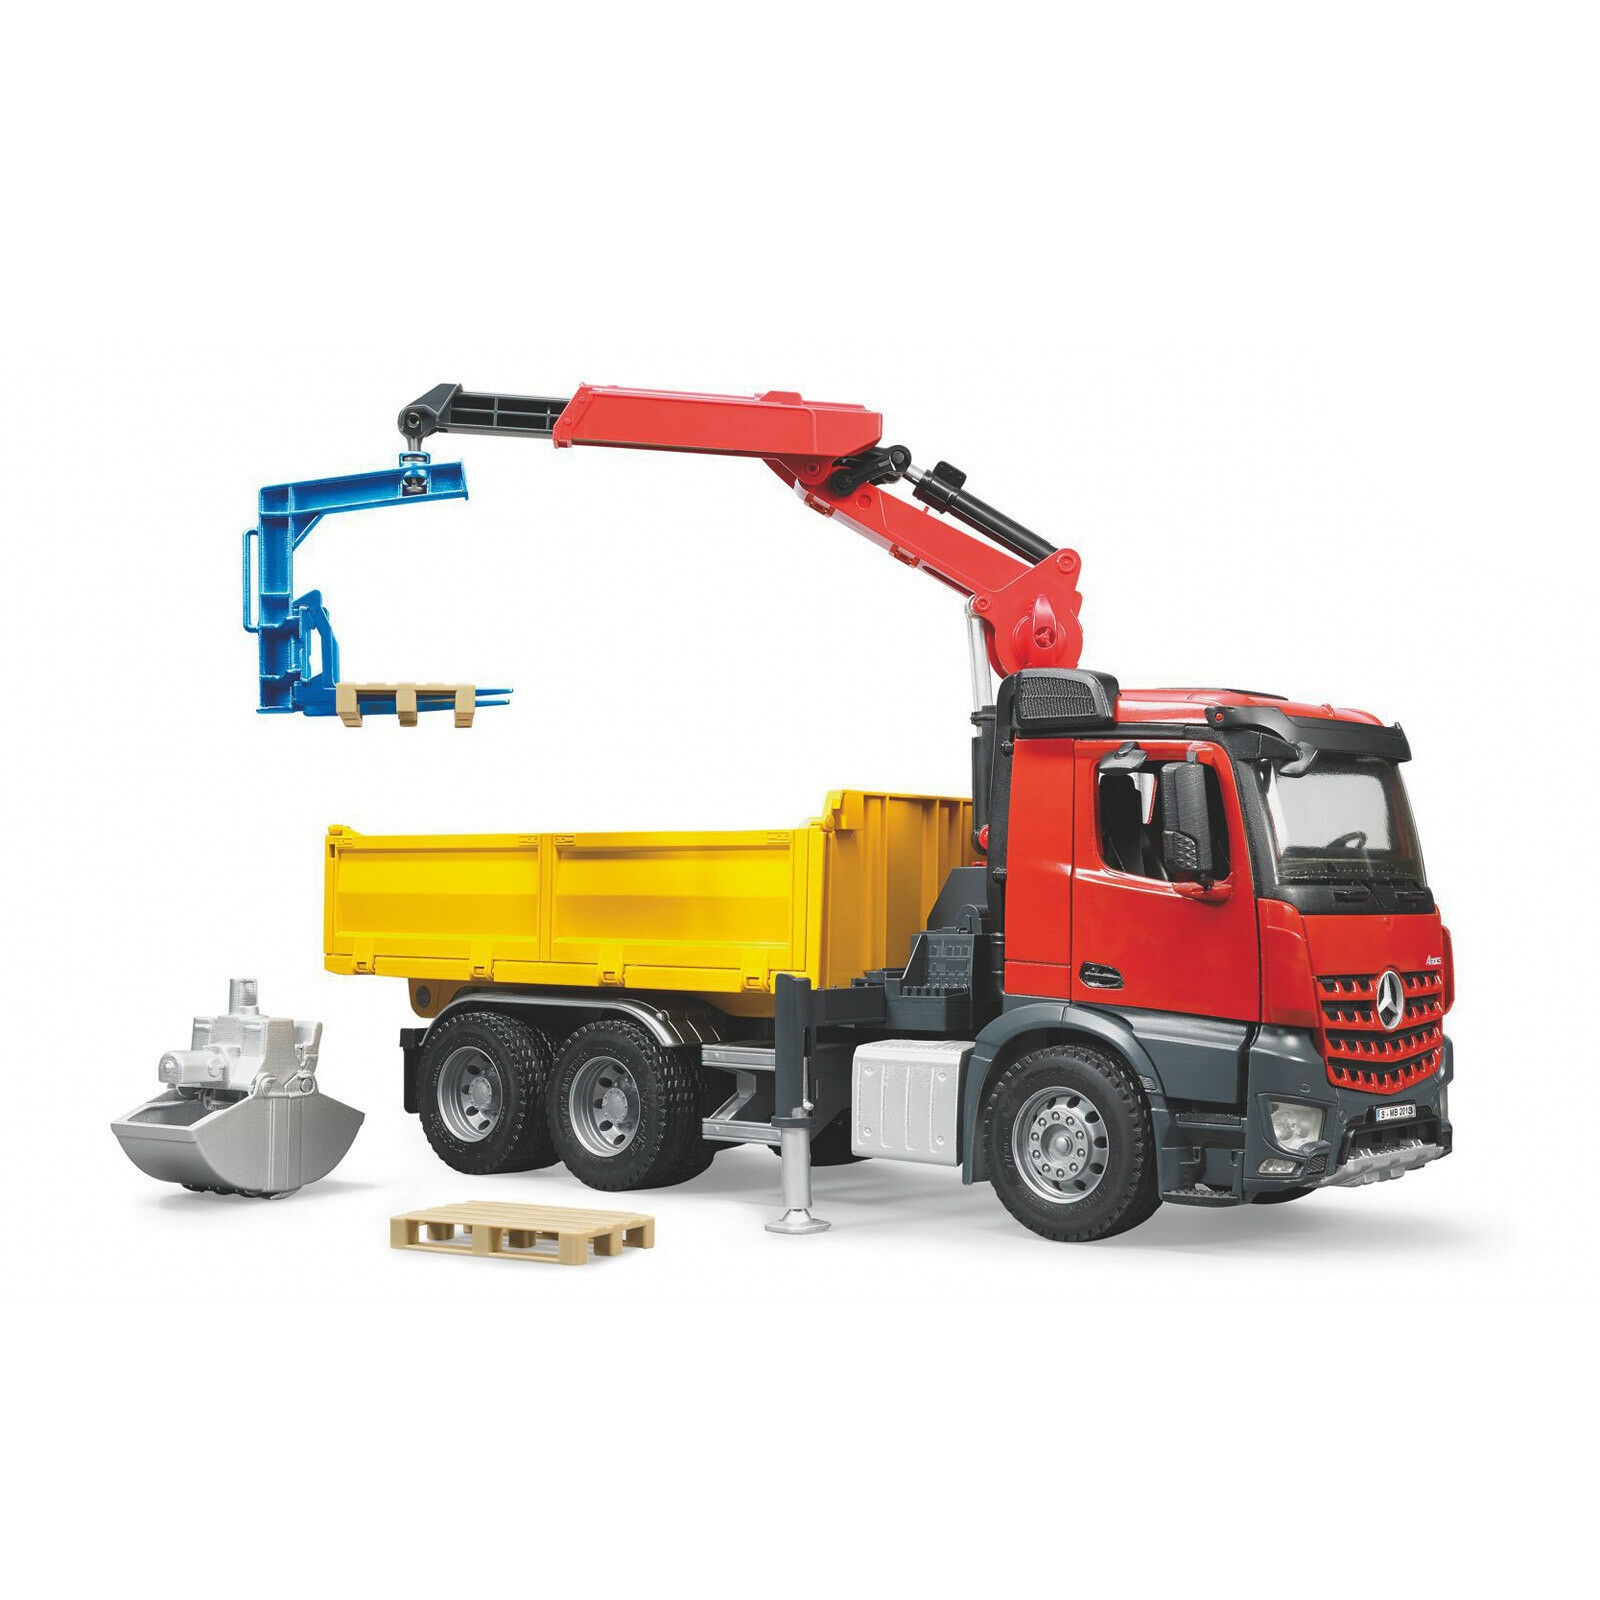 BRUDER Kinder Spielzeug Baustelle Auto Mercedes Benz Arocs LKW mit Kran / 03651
---
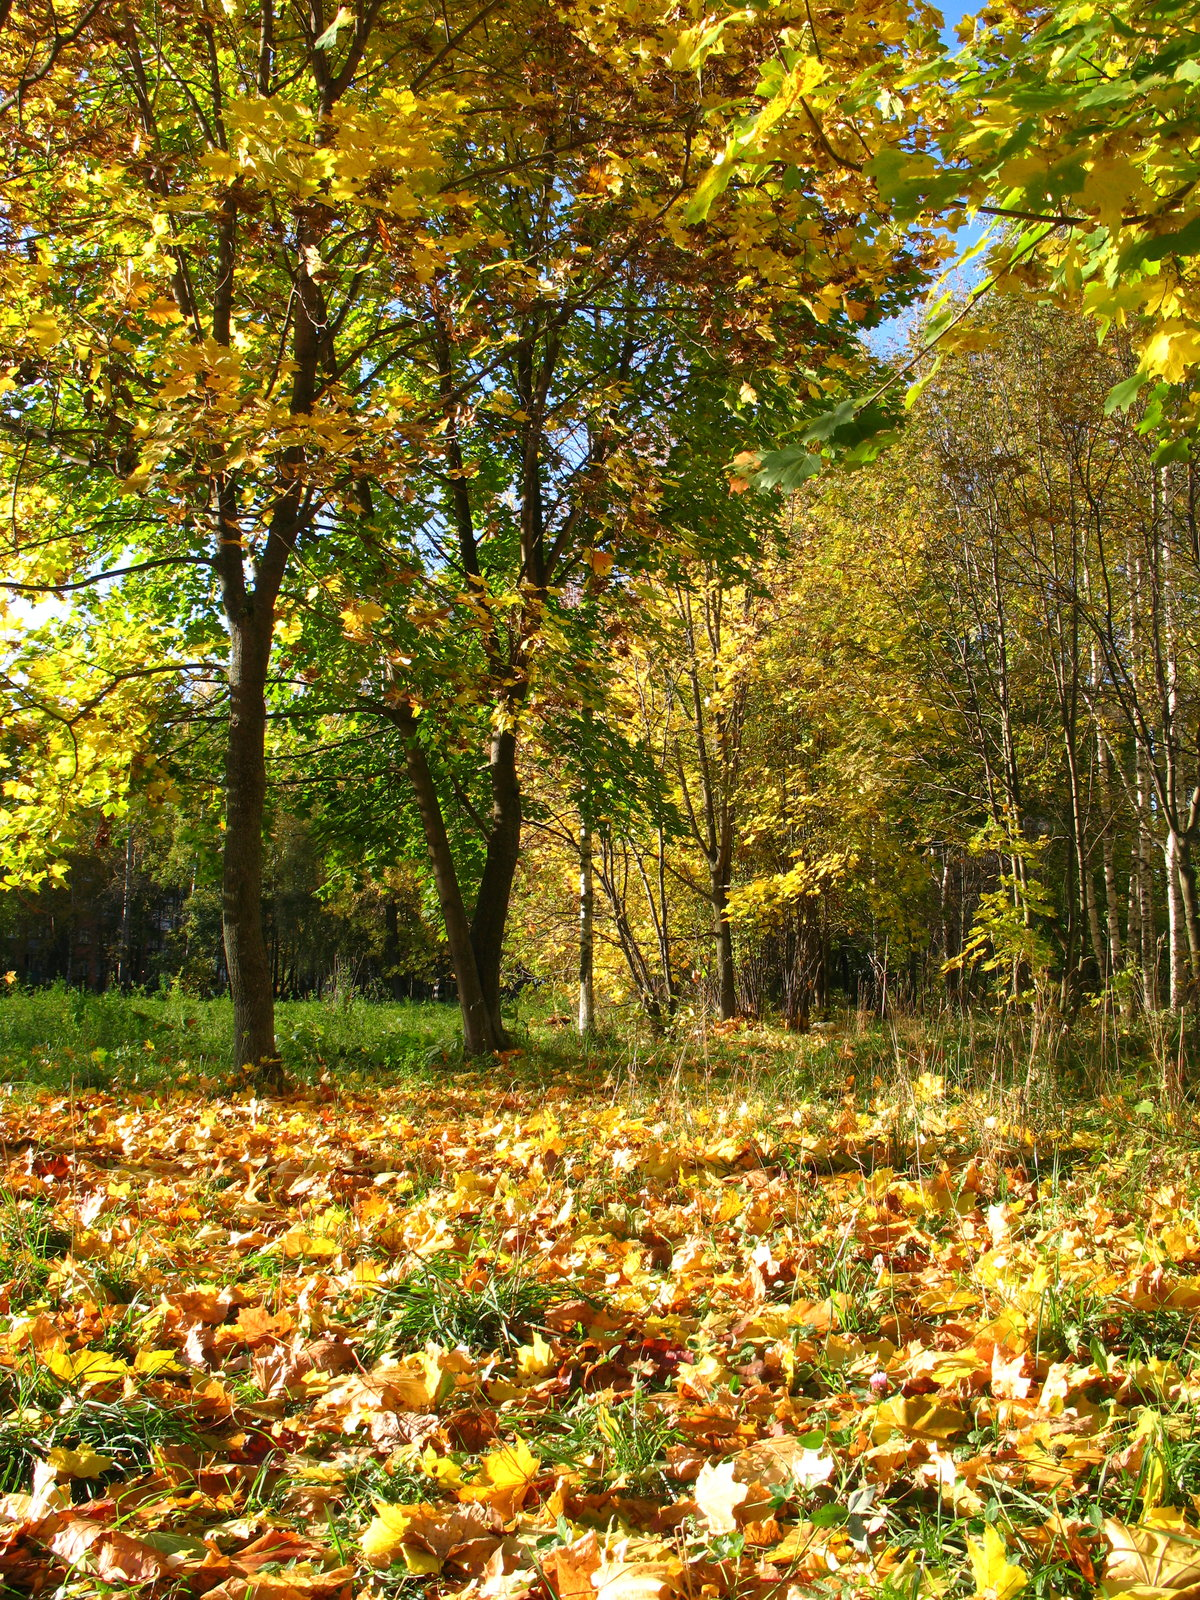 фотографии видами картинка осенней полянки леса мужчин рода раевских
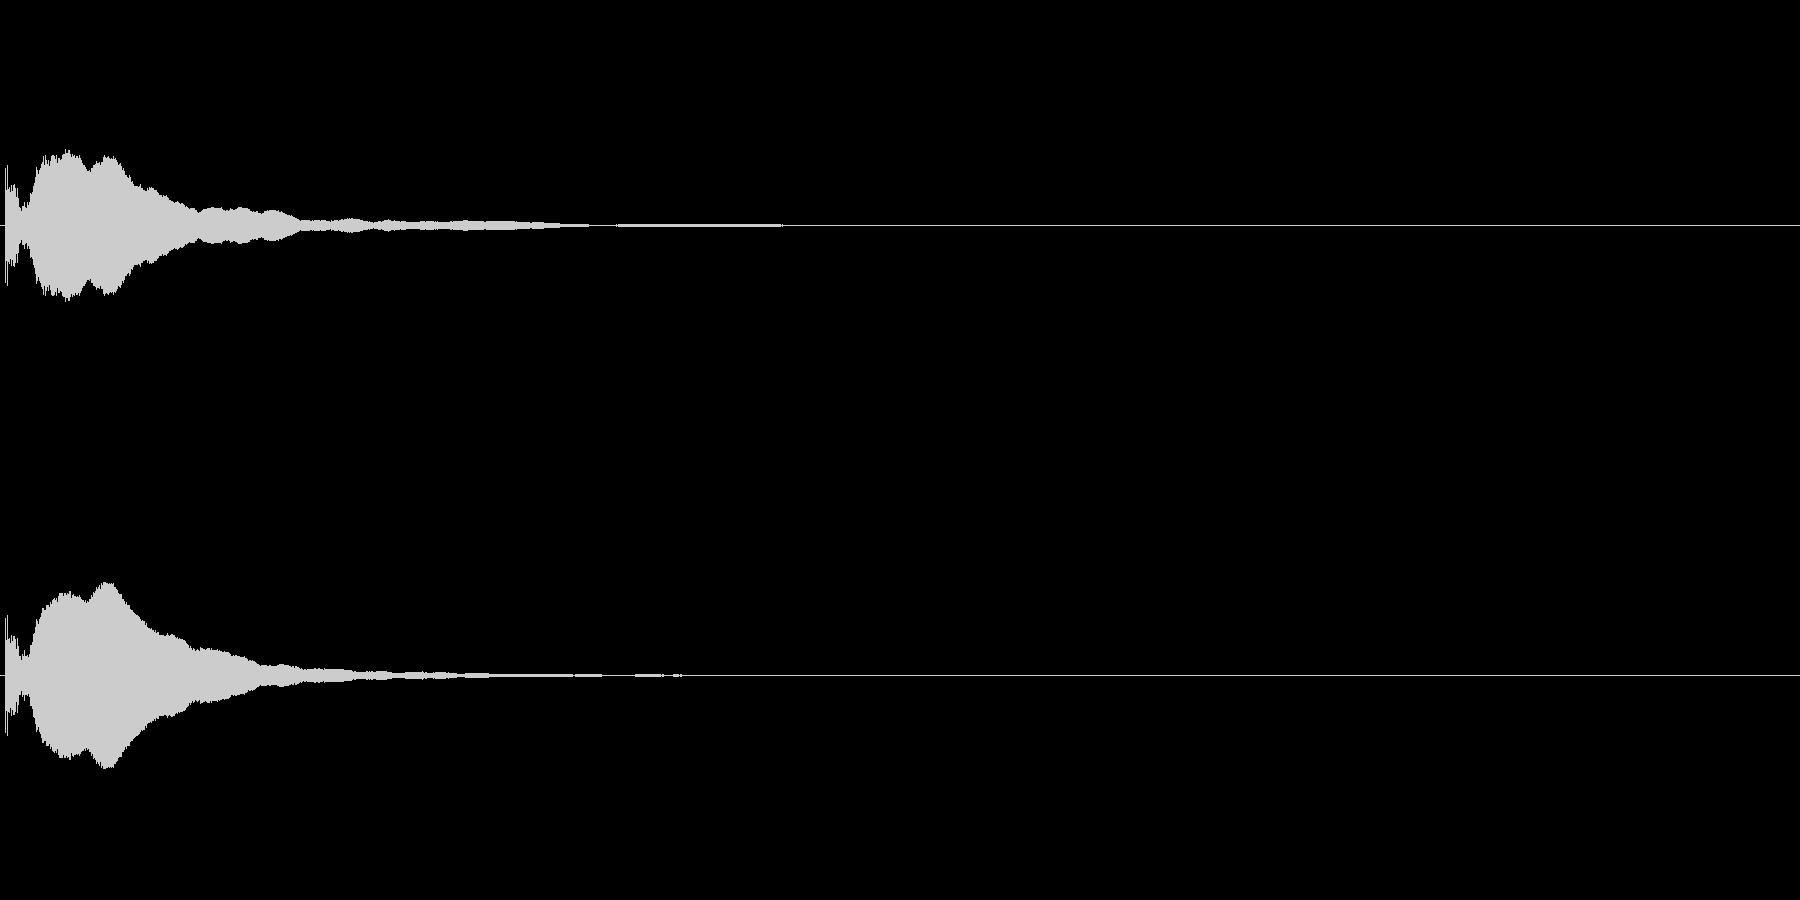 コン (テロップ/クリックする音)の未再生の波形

## Directions
In the listing above, find the line containing "фотографии видами картинка" and the line containing "コン (テロップ/クリックする音)の未再生の波形", then output those two lines and everything between them exactly as written, without the images.

## Result of the task
 фотографии видами картинка осенней полянки леса мужчин рода раевских
 コン (テロップ/クリックする音)の未再生の波形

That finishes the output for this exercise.